Hoy amanezco en el más angustioso de los mutismos. Con una sensación de pánico y tristeza conjugados; con la convicción irremediable de que todo lo que sucede es consecuencia de la voluntad del hombre, en el sentido “schopenhauriano” más fatalista, ese que siempre me han criticado mis colegas historiadores.
Pero, ¿de qué sirve la historia si nadie cree en ella?
No voy a caer en lugares comunes que tan poblada tienen la prensa mundial en este momento. No, esto no es exactamente Alemania en 1930; no, esto no es Venezuela en 1998; no, esta es una circunstancia totalmente distinta, aunque parezca paradójico por lo que he insinuado en las líneas de arriba.
Verán, han pasado 86 años desde el conflicto mundial con la primera cobertura mediática de amplio rango. Desde entonces, cada crisis mundial -en la que obviamente ha participado los Estados Unidos de América- ha sido una especie de reality show, incluso los episodios menos beneficiosos como Vietnam o la Guerra del Golfo.

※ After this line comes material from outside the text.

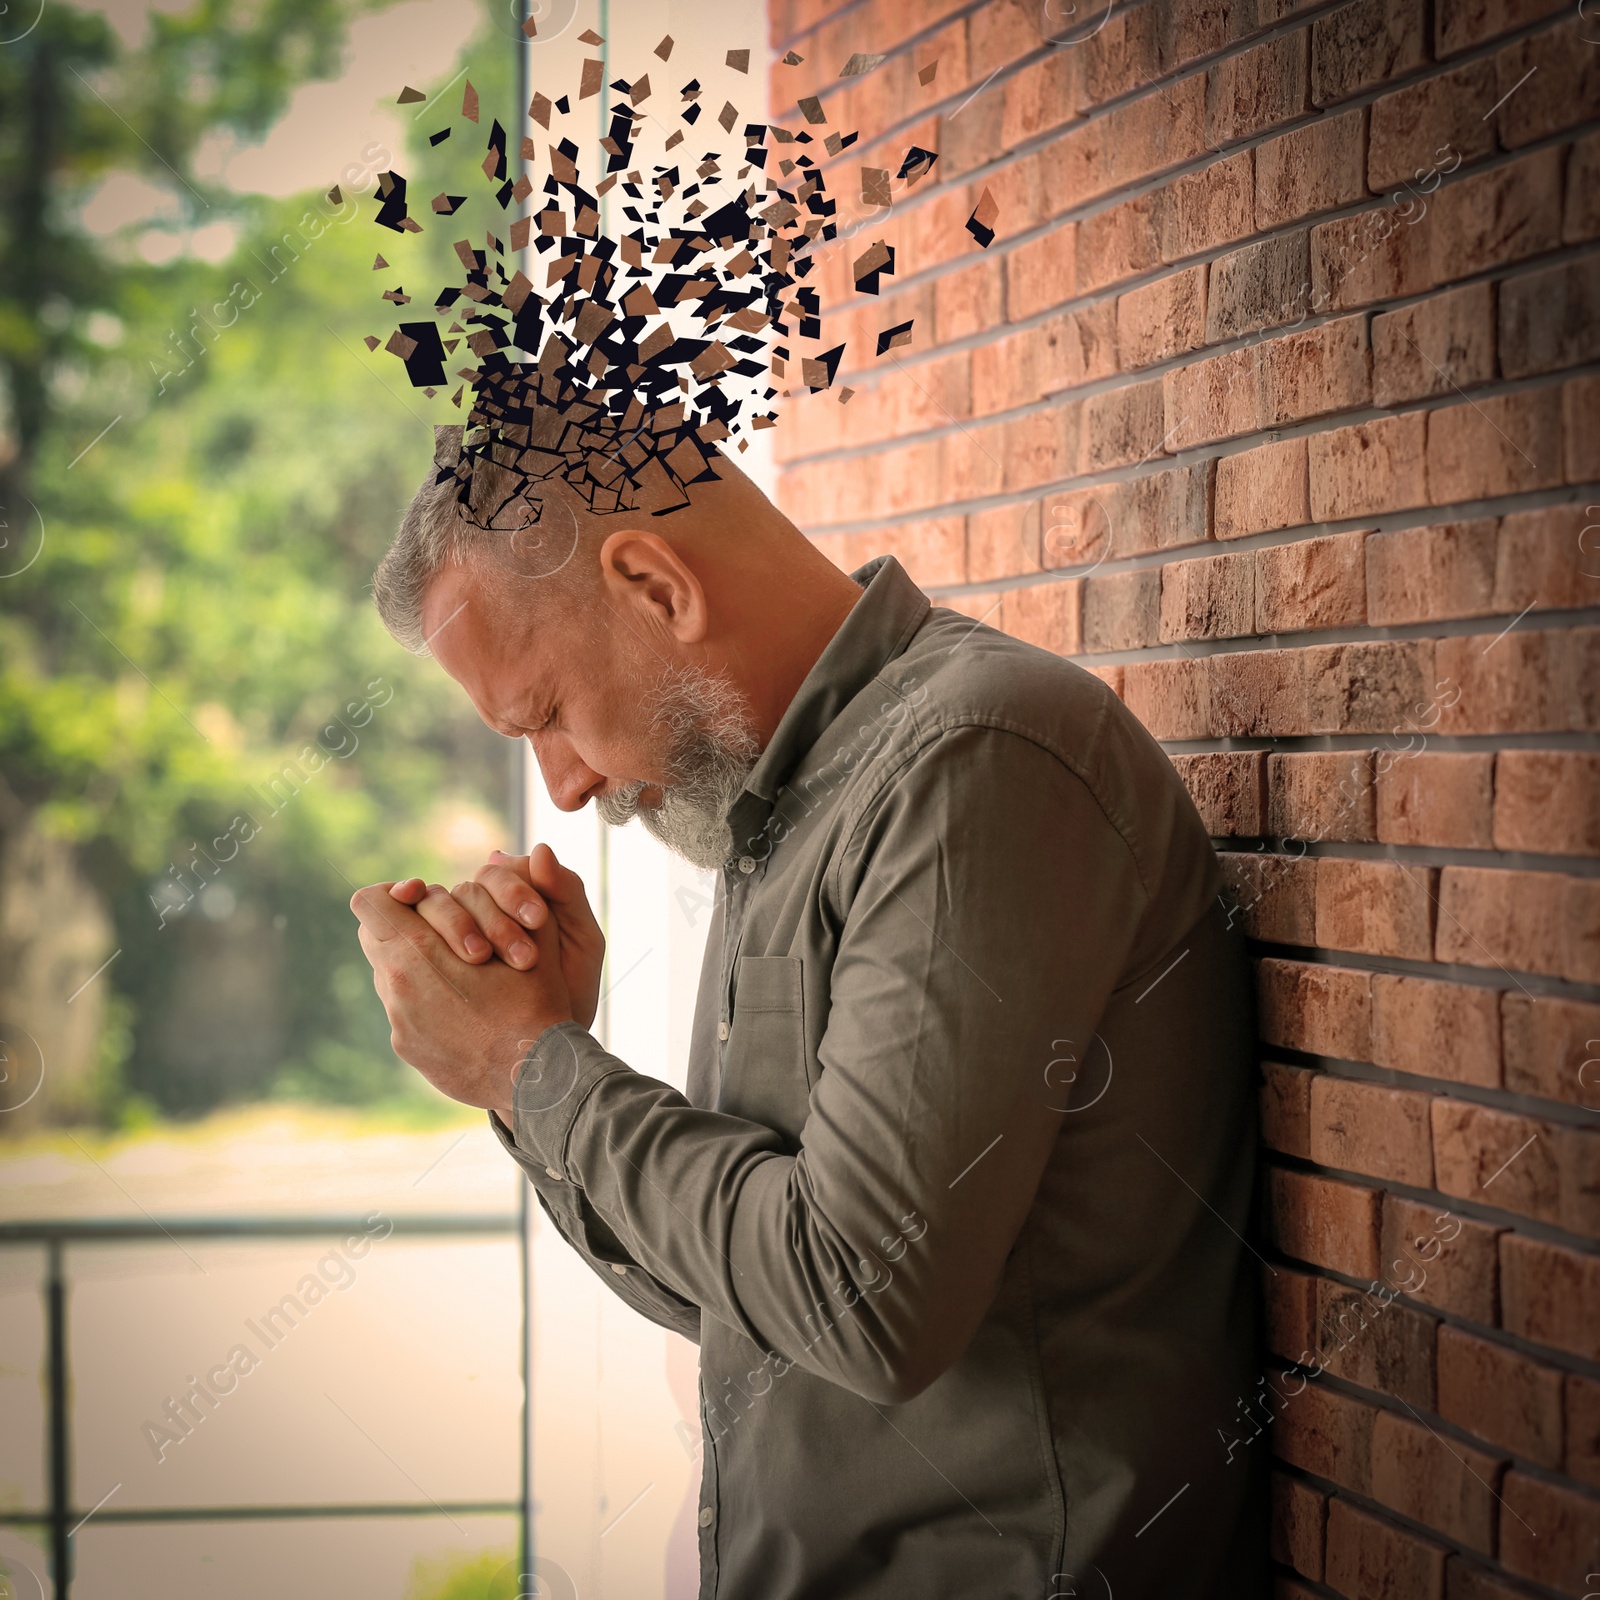 Image of Senior man suffering from dementia indoors. Illustration of head falling apart into shards

Han pasado ocho décadas desde que los medios han llenado todos los espacios y se ha enriquecido a costillas del sufrimiento ajeno, y si no me creen vayan a un World Press Photo. Anoche, el público aficionado como aquellos que trabajamos directamente en algún medio de comunicación, estuvimos frente a algún dispositivo siguiendo las noticias en Twitter, Facebook, CNN, ABC, FOX, The Telegraph, Le Monde, The Independent, intentando saber quién ofrecía datos de manera más neutral.
No podía evitar pensar que ya había estado en alguna situación similar. Tardé 6 horas en dar con ella. Sí, el 11 de septiembre del 2001 yo tenía la misma sensación que experimenté anoche frente a las noticias. Y estoy segura de que todos sentimos lo mismo. Habrá que darle las gracias al desarrollo tecnológico y su capacidad para concentrarnos a todos en un solo sentimiento.
¿Hacía dónde vamos?
Estoy segura de que los más correctos me consideran, en palabras de Fito Páez, “abyecta y desalmada”, pero ¿acaso no es el nuevo presidente de los Estados Unidos el símbolo de ruptura paradigmática más desesperanzadora, después del 11 de septiembre? Recordemos que aquél día todos hacían la misma comparación con Auschwitz, y el juicio era igual de poderoso.
Pero no, insisto en que hoy la situación es diferente. No sólo porque la administración Obama había prometido un punto de inflexión, sino porque la incredulidad nos ha sobrepasado. La elección de Donald Trump como Presidente de los Estados Unidos es el reflejo más cristalino de la saciedad, del hastío, de la fragilidad mental y espiritual del humano común.
Cuando creíamos que no podíamos ir más lejos, saltamos la talanquera y le dimos dos vueltas. Y hablo en primera persona del plural porque, muy a pesar del señor Presidente, todos formamos parte de la política gringa; todos nos vemos afectados por sus decisiones, todos tenemos a seres queridos viviendo bajo la constitución norteamericana y todos venimos de un país que se ha visto afectado por sus políticas internacionales.
Pero sólo algunos tuvieron la posibilidad de escoger el futuro, y ellos hablaron por todos.
No, el cataclismo mundial no serán las cabezas nucleares ni las alianzas con Rusia (para seguir hablando de paradojas) ni mucho menos el debacle económico masivo que nos llevará a escenarios salidos de Black Mirror. La cruda realidad es una enfermedad silenciosa que tiene años incubando y apenas ahora muestra sus primeras llagas. La sintomatología Trump es el estadio final de un cáncer moral y educativo al que nadie ha escuchado nunca.
Seguramente lo primero que vaya a la hoguera del señor Trump serán los libros de historia. ¿Total? Es tan sólo una ficción más.